Retour en juin, un mois avant que les trompettes de Maurice Jarre résonnent pour la première fois de l’été dans la cité des Papes. On apprend que le spectacle Les Émigrants, en création à la Comédie de Genève, ne verra pas le jour. Son metteur en scène, Krystian Lupa, pourtant très attendu sur la scène avignonnaise, est au coeur de la tourmente. Visé par des témoignages qui pointent du doigt un comportement inapproprié à l’égard de ses équipes, l’artiste et son spectacle sont écartés de la programmation, une absence tant bien que mal remplacée par Dans la mesure de l’impossible créé un an plus tôt par le directeur lui-même, à la Comédie de Genève. Et voilà que le festival souffle sur ses propres braises, laissant tout loisir aux commentateurs griffus de remuer le couteau dans la plaie fraîche.
Il faut dire que toutes les conditions sont réunies, la première de Tiago Rodrigues étant scrutée à la loupe depuis des mois, comme chacun des événements qui marqueront cette édition, à l’instar de la grande soirée d’ouverture dans la Cour d’honneur. Quelques jours après la mort du jeune Nahel sous un tir policier, ce qui devait par coutume se dérouler comme un jugement impitoyable de la pièce Welfare de Julie Deliquet tourne au débat politique alors qu’une minute de silence, bien loin de faire l’unanimité parmi les spectateurs présents, est demandée. Le Festival d’Avignon n’a pas encore tout à fait commencé qu’il coche déjà toutes les cases attendues.
Et si cette étroite corrélation entre la scène et le monde extérieur n’a rien de bien nouveau, d’autant qu’elle permet précisément et précieusement de créer un pont essentiel entre le théâtre et la société, c’est sur un plan bien plus effrayant que s’est clôturée cette 77e édition.
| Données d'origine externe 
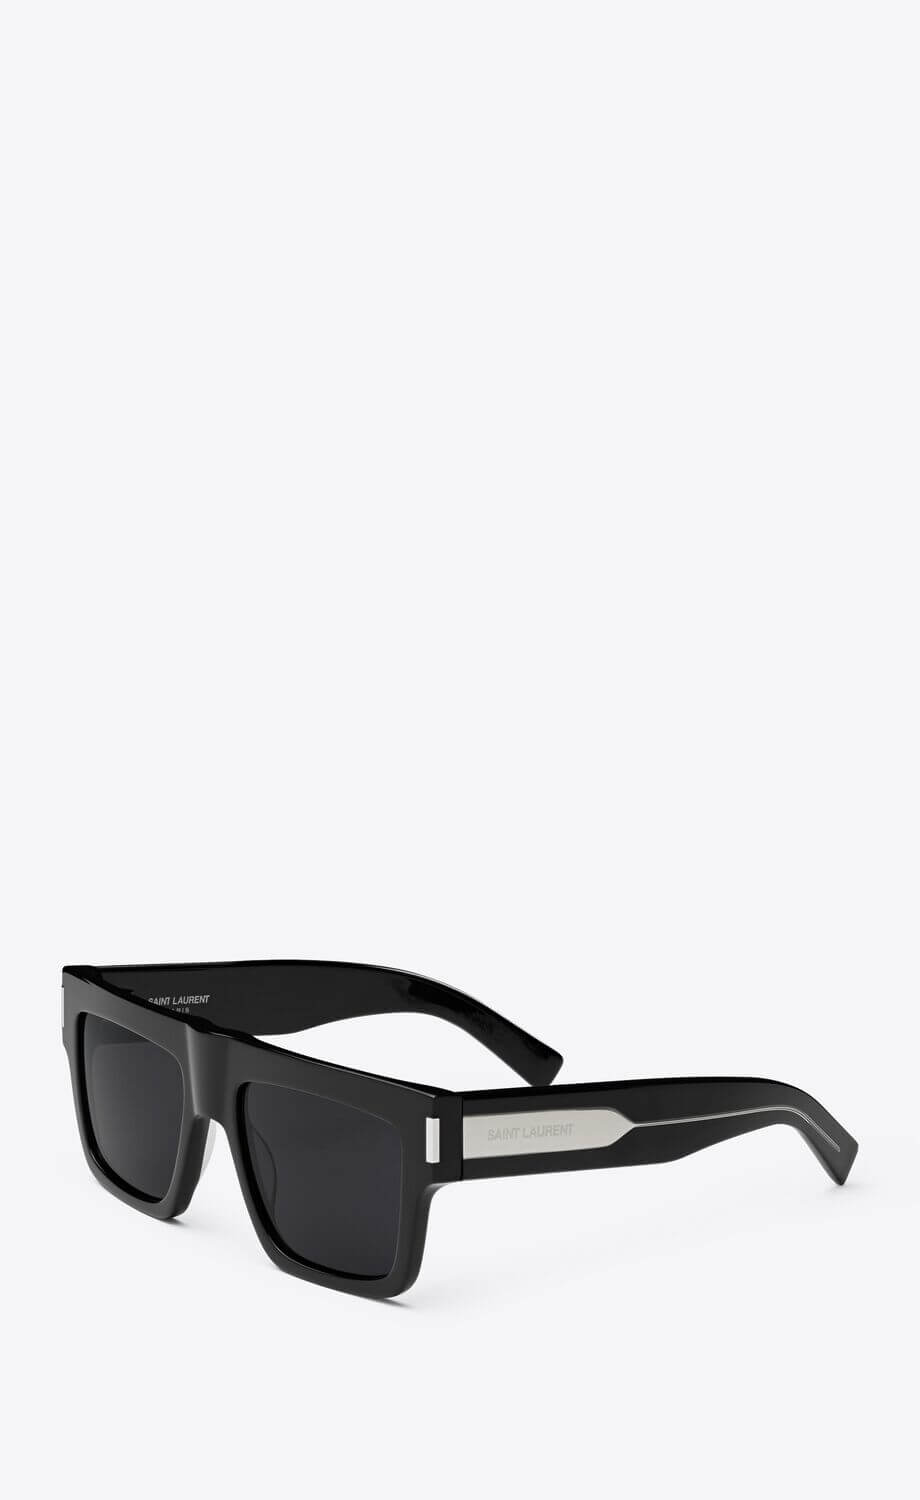 Saint Laurent Flat-Top Thick Square Sunglasses available at The New Trend Australia.

Avec Carte noire nommée désir, Rébecca Chaillon et son équipe ont fait les frais d’une haine de l’autre que l’on sait latente et qui a éclaté cet été sous une forme particulièrement violente. En proposant une performance sans concession qui interroge l’héritage des femmes afrodescendantes dans notre société, les artistes ont fait l’objet d’agressions verbales et physiques durant leur séjour avignonnais, mettant au jour un racisme profondément ancré que le théâtre n’est de toute évidence pas parvenu à canaliser.
Bien sûr, ces quelques événements clés ne sauraient résumer à eux seuls l’intégralité de ce Festival d’Avignon, par ailleurs très riche d’un point de vue artistique et éditorial. On pense à la réouverture de la Carrière de Boulbon, au travail de diversification des disciplines et de renouvellement des publics, à la grande place faite à un théâtre dit du réel, à l’élargissement vers un spectacle international, ainsi qu’à toutes les rencontres et découvertes que permet précisément ce cadre d’exception. Mais il est de toute évidence inutile et insensé de chercher à se défaire de tout ce que le festival, comme bien d’autres manifestations à leurs échelles respectives, soulève de problématiques et de mise à nu d’une société à laquelle il est, par nature, intrinsèquement lié.